**Information provided**
━━━━━━
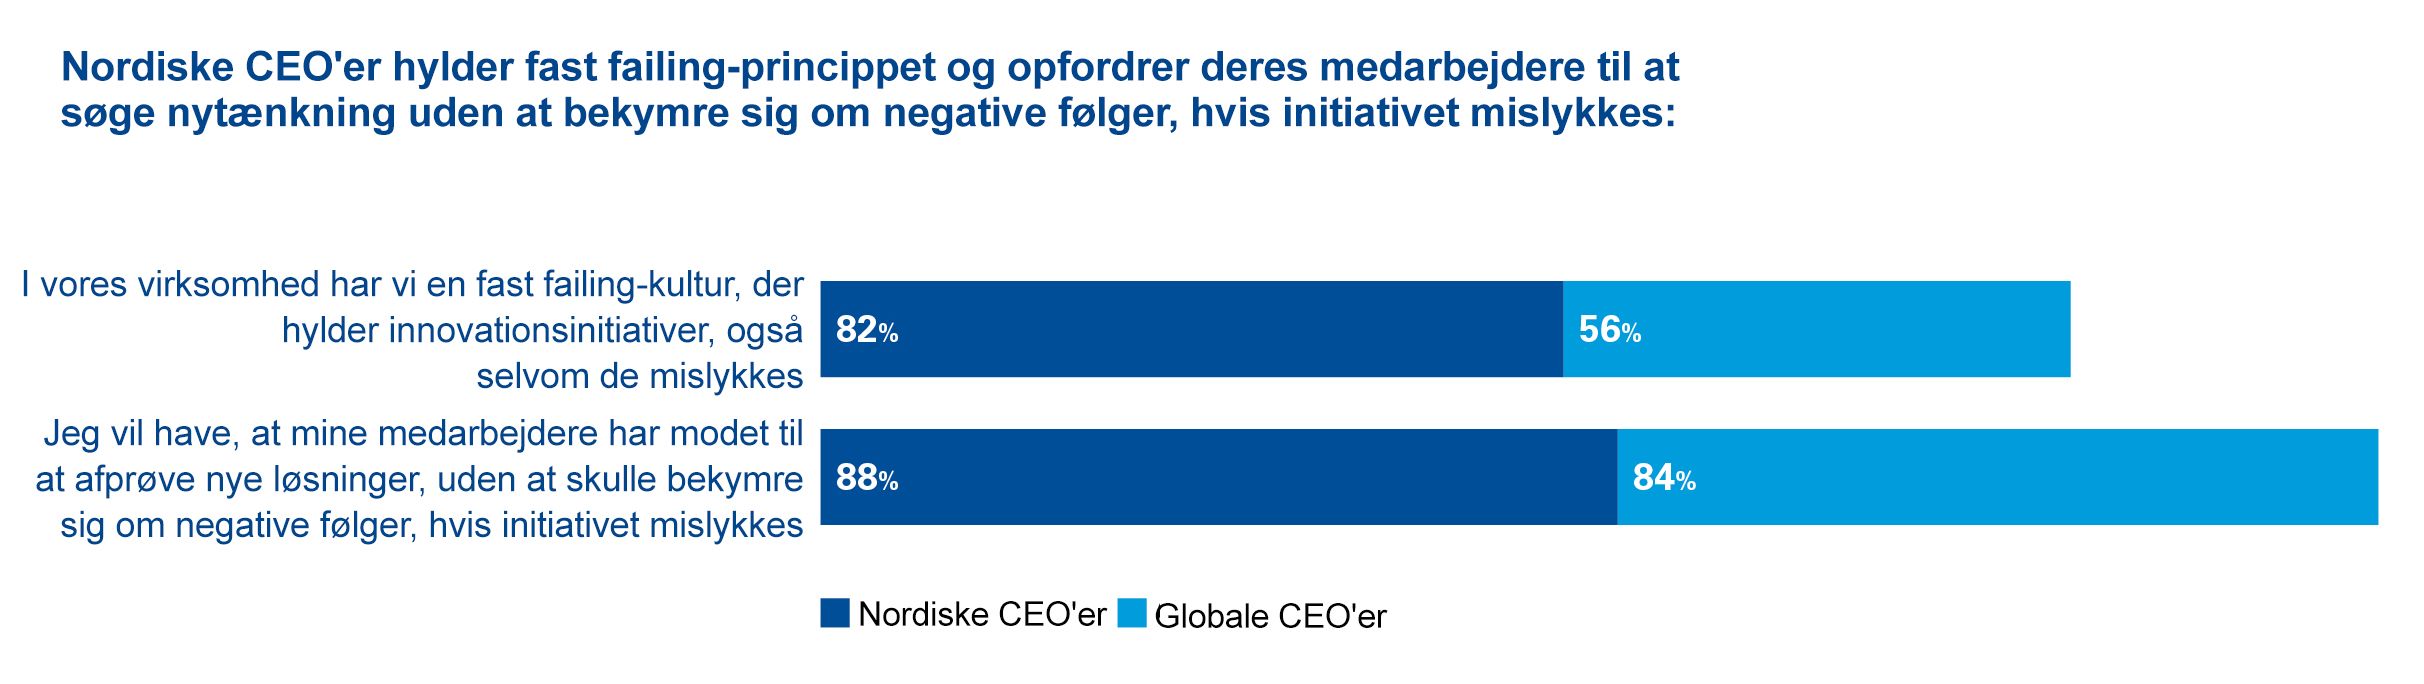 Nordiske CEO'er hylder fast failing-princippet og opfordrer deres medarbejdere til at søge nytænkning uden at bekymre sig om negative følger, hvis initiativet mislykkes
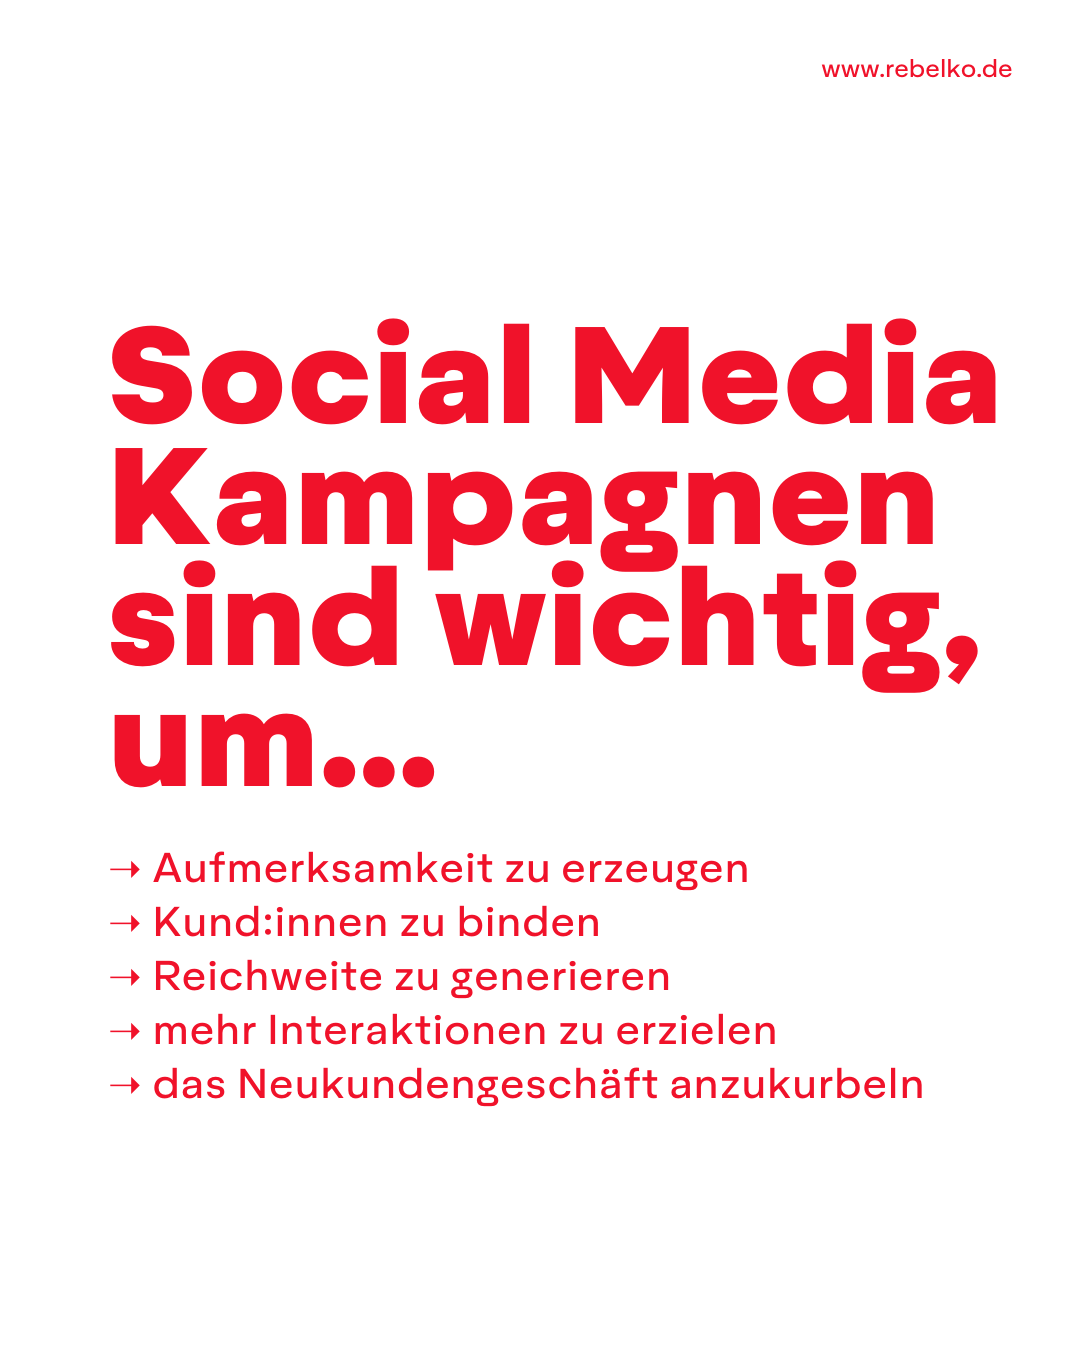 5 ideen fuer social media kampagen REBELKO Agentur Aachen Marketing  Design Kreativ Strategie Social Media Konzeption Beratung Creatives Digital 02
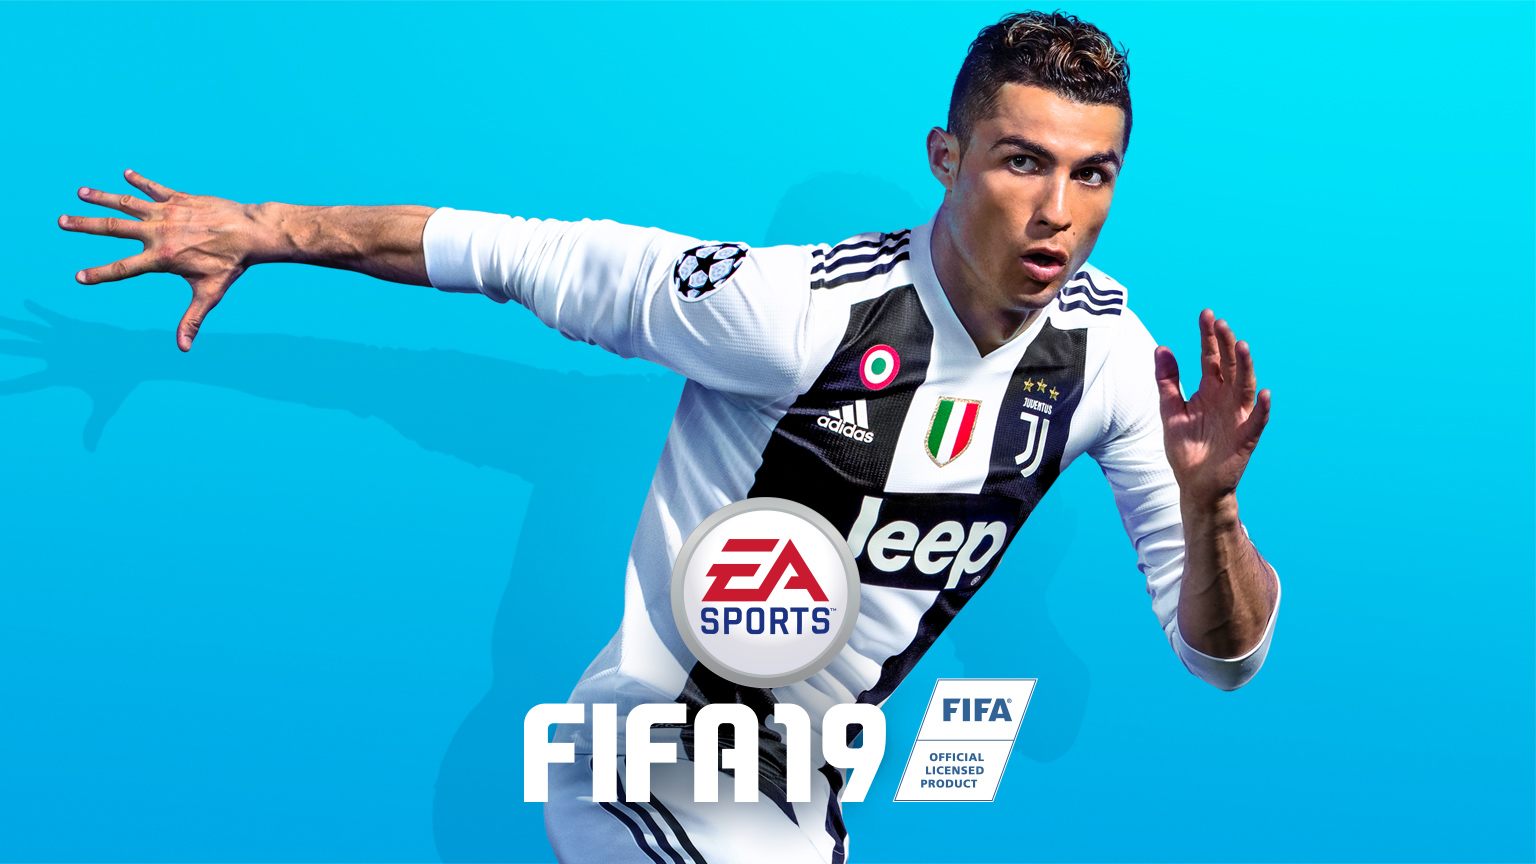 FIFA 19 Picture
━━━━━━
**Assigned task**
No pictures go in the copy. Output exactly the lines from the line containing "5 ideen fuer" through the end of the listing above.

**Task output**
 5 ideen fuer social media kampagen REBELKO Agentur Aachen Marketing  Design Kreativ Strategie Social Media Konzeption Beratung Creatives Digital 02
 FIFA 19 Picture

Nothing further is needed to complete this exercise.